New department may help craft cybersecurity stragegy
The United States faces a very real cyber threat, experts said Friday, and many people in government and industry are waiting to see if President Bush's proposed homeland security reorganization may help form a national cybersecurity strategy.
The Cabinet-level Homeland Security Department Bush proposed Thursday would have the responsibility of, among other things, protecting critical infrastructures and computer systems, and providing a central clearinghouse for intelligence analysis. Many sections of current departments and agencies that address cybersecurity, such as the Commerce Department's Critical Infrastructure Assurance Office (CIAO) and the FBI's National Infrastructure Protection Center, likely will be included in the reorganization.
Bush said Friday that he will direct White House Homeland Security Director Tom Ridge to testify before Congress about the need for the new department.
Mike Lombard, senior coordinator for infrastructure security analysis at CIAO, said during a conference Friday that coordinating the nation's data systems and centers will be a huge challenge.
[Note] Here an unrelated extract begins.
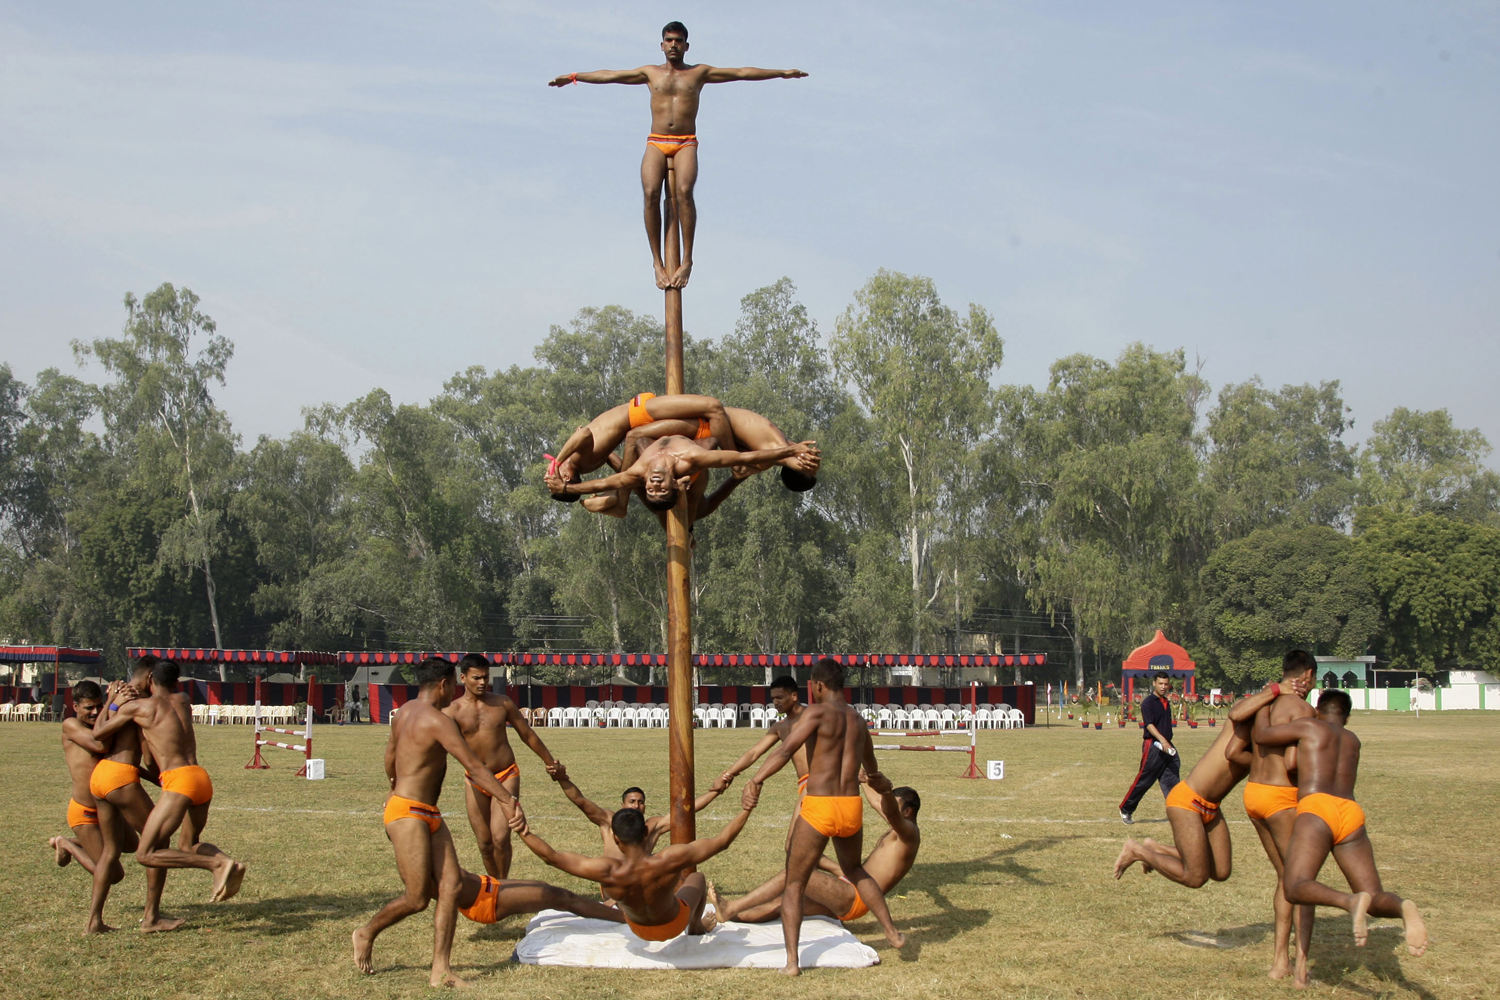 Image: Oct. 21, 2012. Indian soldiers perform Malkhamb, a traditional Indian sport in which a gymnast performs on a wooden pole, during a two day Army exhibition in Allahabad.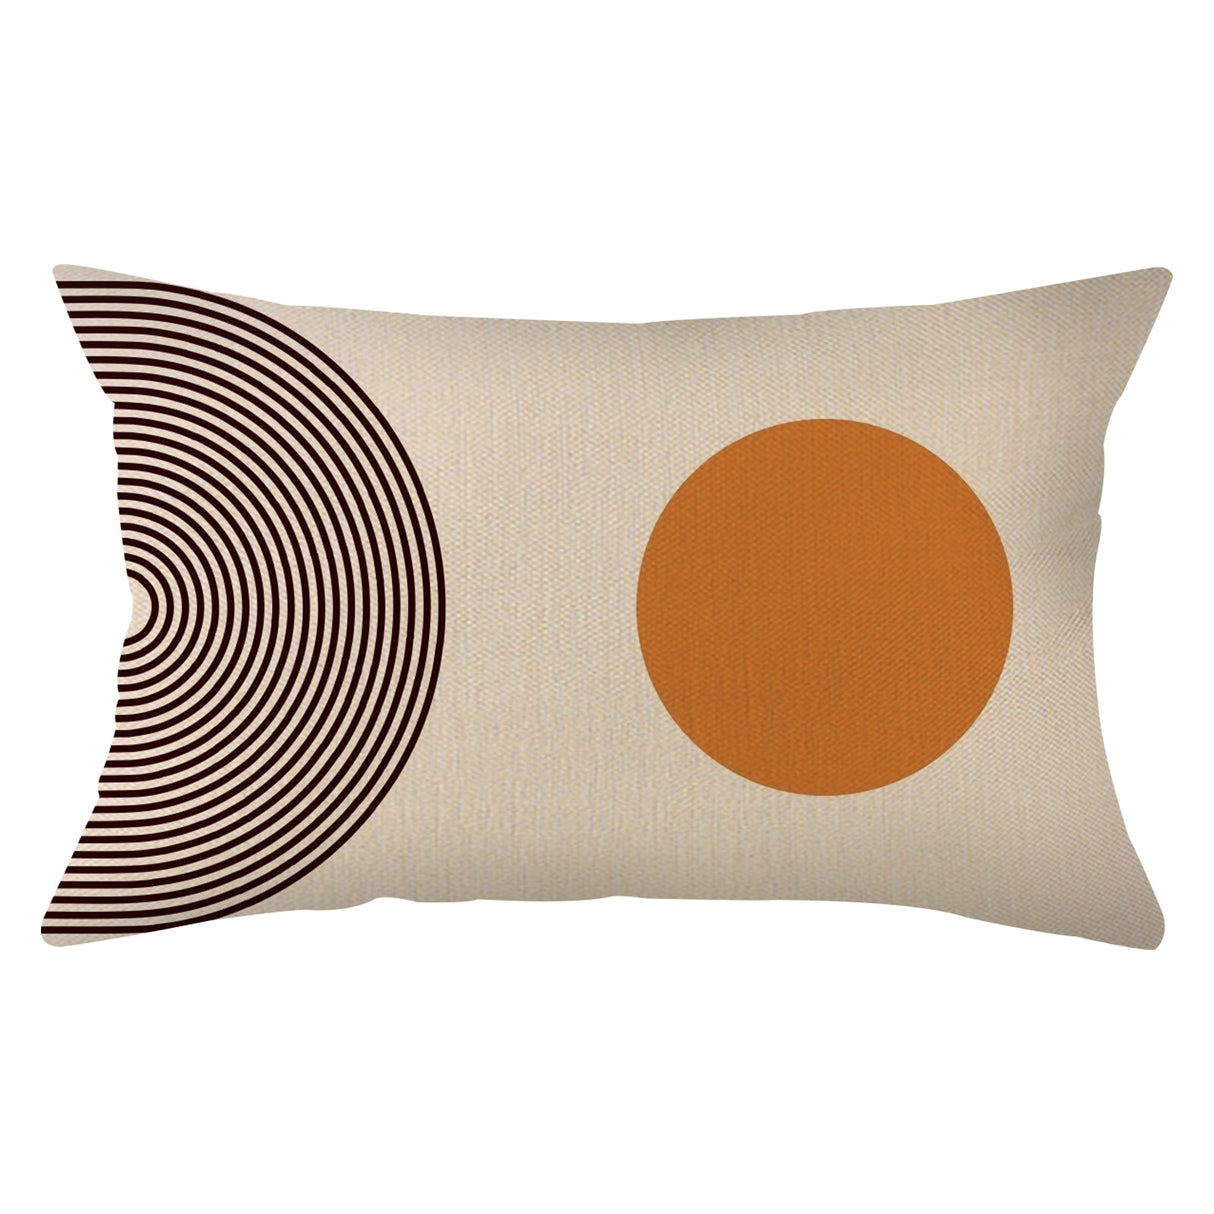 Geometry Pillow Cover - Crystal Decor Shop

He said there is a proposal to create an Information Integration Program Office within CIAO that would be in charge of determining where information technology can be most useful in government.
"It's still in the think tank," Lombard said. "It's not ready for prime-time yet."
Douglas Beason, deputy associate director for defense threat reduction at the Los Alamos National Laboratory in New Mexico, said about 50,000 white papers from businesses and organizations that envision ways to boost security are "floating around Washington."
With all these piecemeal efforts, "there must be a national strategy for cyber security," said Eli Primrose-Smith, vice president for global security solutions at IBM. She said Bush's proposal "hopefully" would facilitate the effort.
A cybersecurity strategy is becoming increasingly important as more technologies become interoperable and interdependent, and the nation's computer vulnerabilities increase, said Casey Dunlevy of the CERT Coordination Center at Carnegie Mellon University.
"We're not talking about a cyber Pearl Harbor" but something more "insidious and harmful," Dunlevy said, such as terrorists integrating a cyber component into traditional warfare. And "it's not a question of if, but when. ... It's only a matter of time until they [terrorists] recognize that as a weapon."
Dunlevy said academia can play a "vital role" as a cybersecurity information clearinghouse and a "middleman" between private industry and government, particularly because industry often hesitates to share information on computer weaknesses. "The problem is too big for any one organization or sector to solve," Dunlevy said.
"This is all about economic security and risk management," said Electronic Industries Alliance President David McCurdy. "If you have a plug ... you're vulnerable. ... This is where we're only as strong as our weakest link."